The patient underwent intrathecal chemotherapy (ITC) with methotrexate (MTX) 6 times (15 mg, 10/31/2019, 11/7/2019, 11/12/2019, 11/19/2019, 11/26/2019, 12/3/2019) and pemetrexed once (10 mg, 12/19/2019), and the CSF tumor cells turned negative (on December 19, 2019). The patient also received WBRT (40 Gy/2 Gy/20 f)and a tumor boost (56 Gy/2.8 Gy/20 f) from October 31, 2019, to November 27, 2019. With the contrast of December 5, 2019, the brain MRI showed a partial response (PR) by the BM and LM lesions (see Figure 2G-2I). Osimertinib 80 mg daily was initiated from December 8, 2019.

On June 12, 2020, the patient was referred to our department as she experienced pain and numbness in both lower limbs for 2 weeks. The subsequent lumbosacral spine MRI scan revealed multiple metastases from lumbar 3 to sacral 2 vertebrae, appendages, and bilateral iliac bones. A bone scan also manifested increased radioactivity on the 9th right rib, lumbar 3–5 vertebrae, sacrum, and left iliac bone, which was considered bone metastasis. The brain MRI with a contrast of June 16, 2020, showed lesions in the bilateral frontal lobes, right temporal lobe, and the meninges of the right frontal lobe had disappeared. Anlotinib (10 mg/d) was administered for less than 14 days and then suspended due to nausea. RT to the lumbosacral and pelvic bone metastases was performed with a dose of 50 Gy/2 Gy/25 f from June 23, 2020, to July 30, 2020. Bisphosphate was administered monthly, and the patient’s pain was greatly relieved. After that, the patient suffered from vulvar infection, which resolved after anti-inflammatory and symptomatic supportive treatment.

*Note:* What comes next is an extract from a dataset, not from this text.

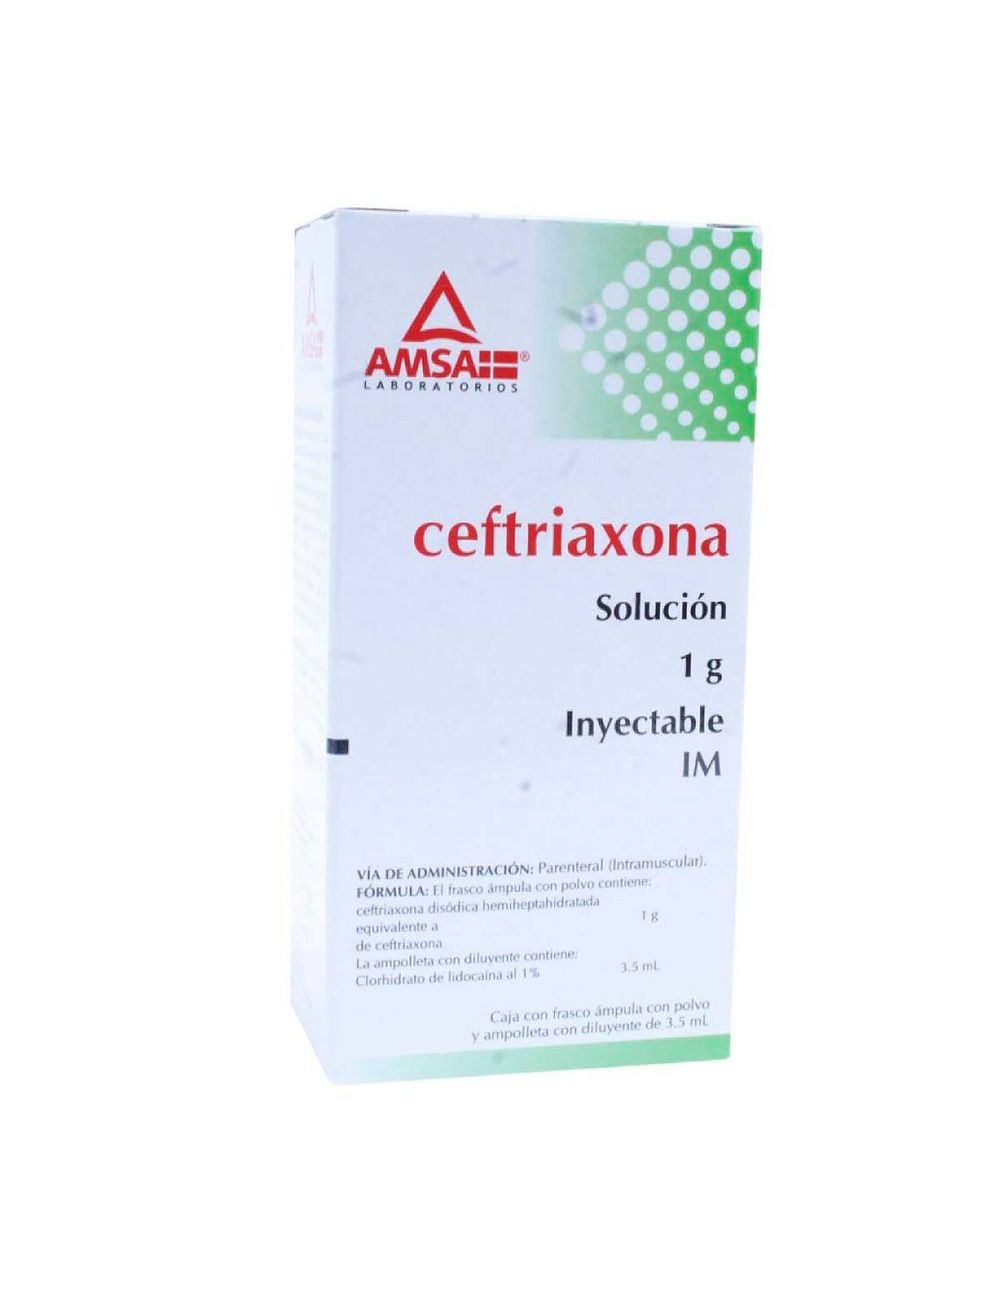 Ceftriaxona IM 1G 3.5Ml - RX2

On August 19, 2020, the patient complained of a headache. A cranial CT scan excluded encephalorrhagia. The CSF evaluation of August 21, 2020, showed adenocarcinoma cells again just as on October 28, 2019, the baseline CSF smear demonstrated malignant cells (see Figure 3). The subsequent brain MRI with contrast revealed abnormal thickening and an enhanced cerebellar pial membrane (see Figure 4). An intraventricular Ommaya reservoir was implanted, and pemetrexed was administered 6 times (15 mg on 8/28, 9/11, 9/20, 9/27, 10/5, and 10/20) via the Ommaya reservoir, and resulted in negative CSF cytology. Anlotinib (10 mg/d) was administered on August 23, 2020. The CSF NGS examination of October 9, 2020 showed a different EGFR exon20ins (p. A767_V769 dup: 1.5%) and TP53 mutation (0.3%). The patient succumbed to the disease on December 7, 2020. The patient’s OS time after LM diagnosis was 13.5 months (see Figure 5).

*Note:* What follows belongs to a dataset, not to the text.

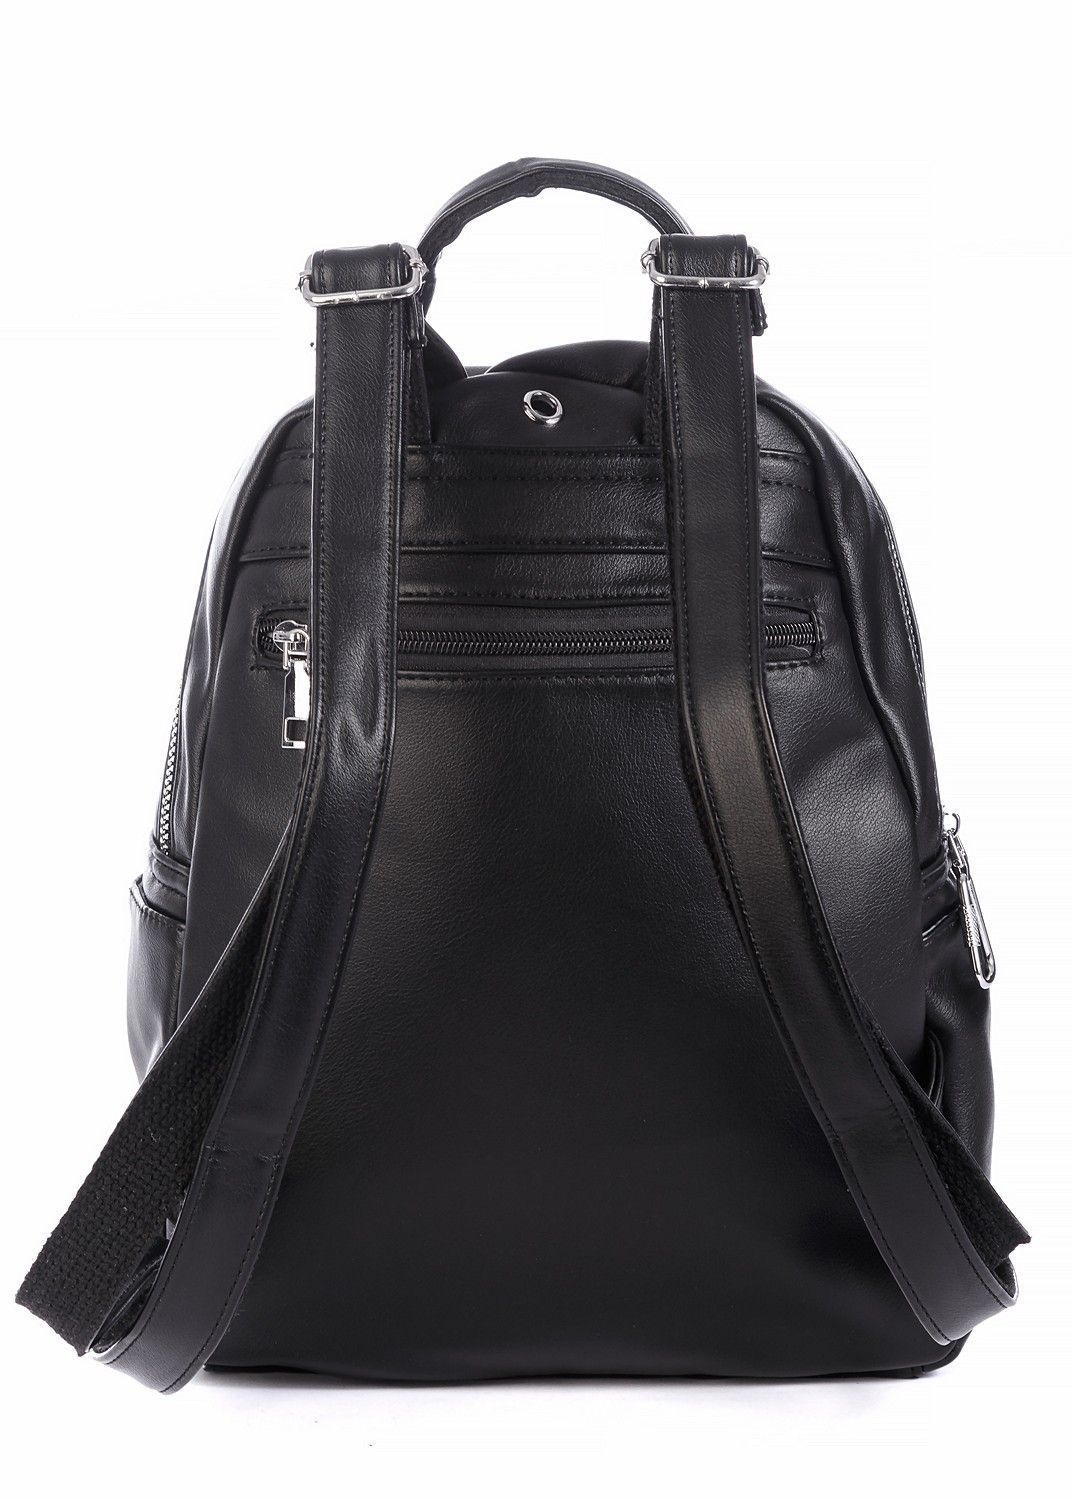 Рюкзак женский городской, однотонный черный, из искуссвтенной кожи, 7л.

Figure 3 A baseline CSF smear demonstrated malignant cells on October 28, 2019 (Pap staining, ×40). CSF, cerebrospinal fluid.

Figure 4 A typical MRI image (8/27/2020) indicated obvious LM progression. (A,B) Transverse view, (C) coronal view, (D) sagittal view. MRI, magnetic resonance imaging; LM, light microscope.

Figure 5 The timeline for the diagnosis, treatment, and outcome for this patient. TRT, thoracic radiotherapy; ITC, intrathecal chemotherapy; MTX, methotrexate; TMZ, temozolomide; RT, radiotherapy; EGFR, epidermal growth factor receptor; CSF, cerebrospinal fluid, MRI, magnetic resonance imaging; BM, brain metastases; LM, leptomeningeal metastasis; PR, partial response; NGS, next-generation sequencing.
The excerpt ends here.